Fees for meetings of the board, all committee meetings and other meetings and activities will be paid in cash on a quarterly basis, as of the last day of each calendar quarter, and will compensate the non-employee director for meetings and activities attended during such calendar quarter.

 

Non-employee directors shall timely submit for reimbursement their reasonable expenses incurred in connection with meeting attendance or other activities, and the Company shall reimburse such expenses within two weeks after submission.
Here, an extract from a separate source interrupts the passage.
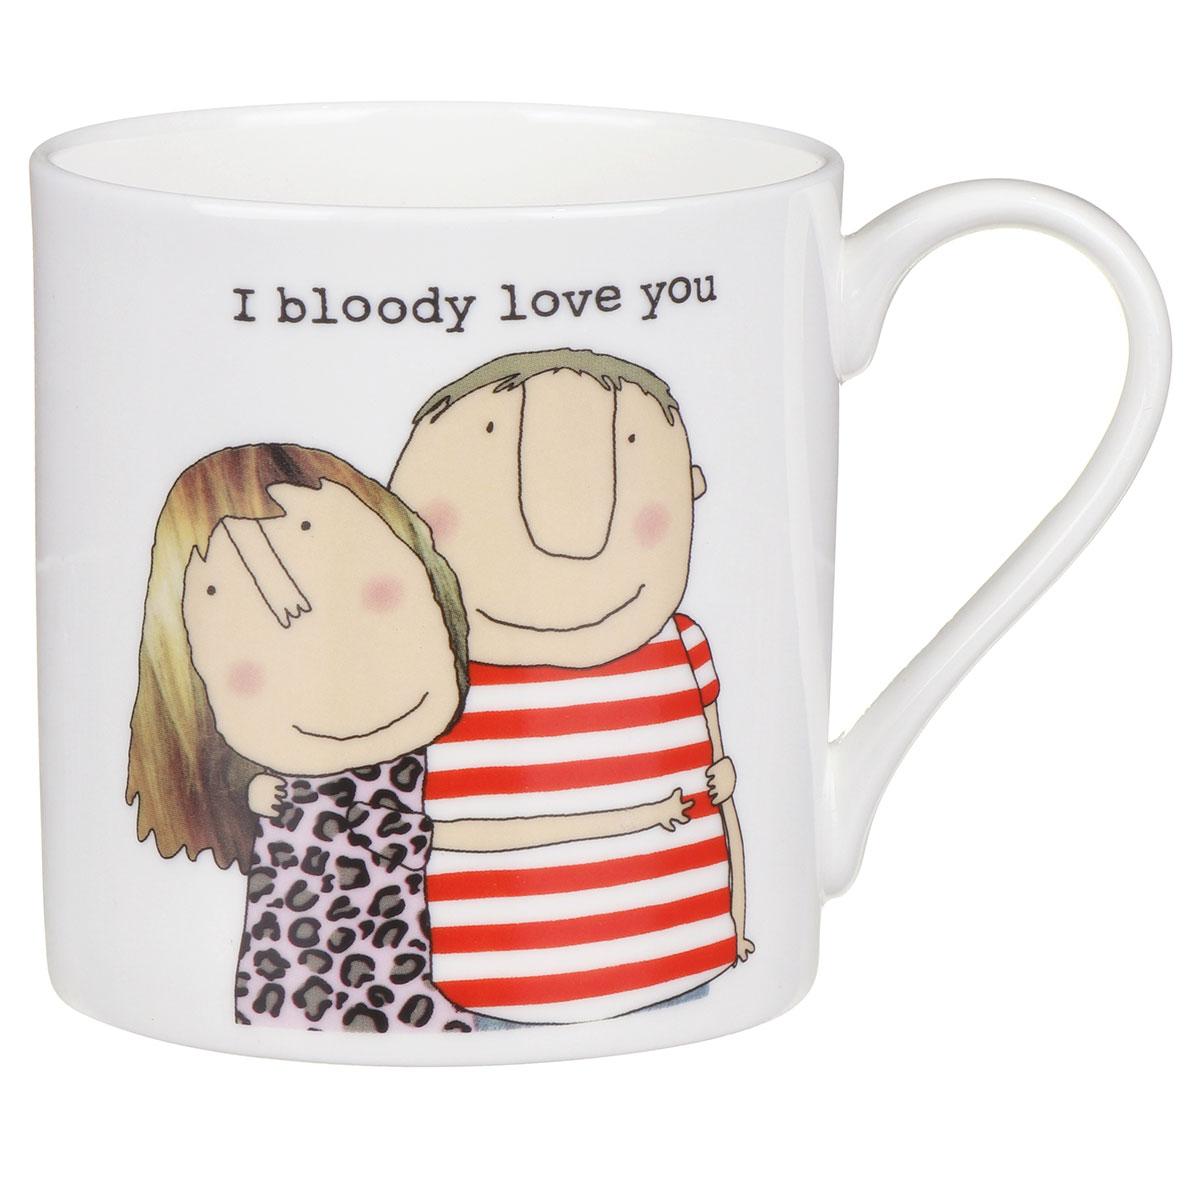 Rosie Made A Thing I Bloody Love You Mug

The directors of the Company shall have the authority without further shareholder approval to further amend this 2017 Restated Plan from time to time, including amendments to increase the amount of the compensation payable in Common Shares from time to time, provided that the total number of Common Shares issued under the 2016 Restated Plan shall not exceed the number previously approved by shareholders of the Company.

 

Shareholders of the Company previously approved the issuance of Common Shares under the 2013 Restated Plan, 85,393 of which remain unissued as of the above date. 

 

Subject to approval by shareholders of the Company, the total number of Common Shares that may be issued under the 2017 Restated Plan shall be increased by 200,000 Common Shares.

 

Subject to shareholder approval and effectiveness of the 2017 Restated Plan, pursuant to Section 303A.08 of the New York Stock Exchange Listed Company Manual, the authorization to issue Common Shares under the 2017 Restated Plan shall expire ten years after the date of such shareholder approval, unless reapproved by shareholders. If for any reason shares cannot be issued pursuant to the requirements of the New York Stock Exchange or otherwise, the value of such shares that cannot be issued shall be paid in the form of cash.